This presentation derives directly from four sources: Bayesian Data Analysis (Gelman et al. 2013), BUGS 0.5 Examples (Spiegelhalter et al. 1996), The BUGS Book (Lunn et al. 2014), and Daniel Lee’s hands-on Stan tutorial for a short-course we taught (with Andrew Gelman) in 2015.

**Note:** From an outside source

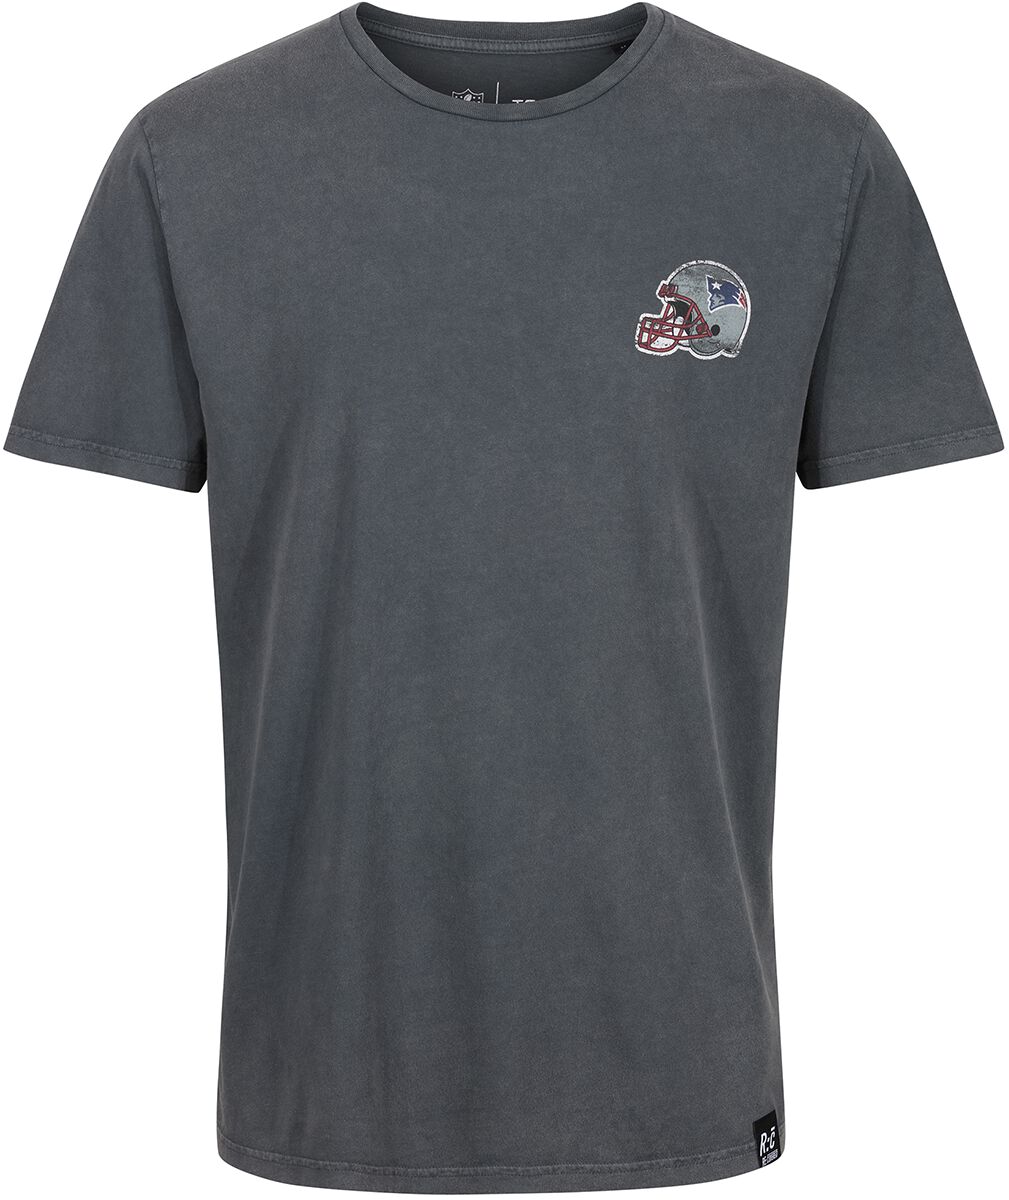 Recovered Clothing T-Shirt - NFL Patriots College Black Washed - S bis XXL - für Männer - Größe XXL - multicolor

I’d like to thank Jiqiang Guo, Aki Vehtari, Michael Betancourt, and Jonah Gabry for comments on everything from the math to the R code. Andrew Gelman objected to my using batting-average data as being not very useful for baseball (compared to, say, on-base percentage); I hope the exercise addressing his concerns and the additional data sets partially make up for my choice.

References

Data Sets Included

Rat tumors (N = 71)

Tarone (1982) provides a data set of tumor incidence in historical control groups of rats; specifically endometrial stromal polyps in female lab rats of type F344. The data set is taken from the book site for (Gelman et al. 2013):

Surgical mortality (N = 12)

Spiegelhalter et al. (1996) provide a data set of mortality rates in 12 hospitals performing cardiac surgery in babies. We just manually entered the data from the paper; it is also available in the Stan example models repository in R format.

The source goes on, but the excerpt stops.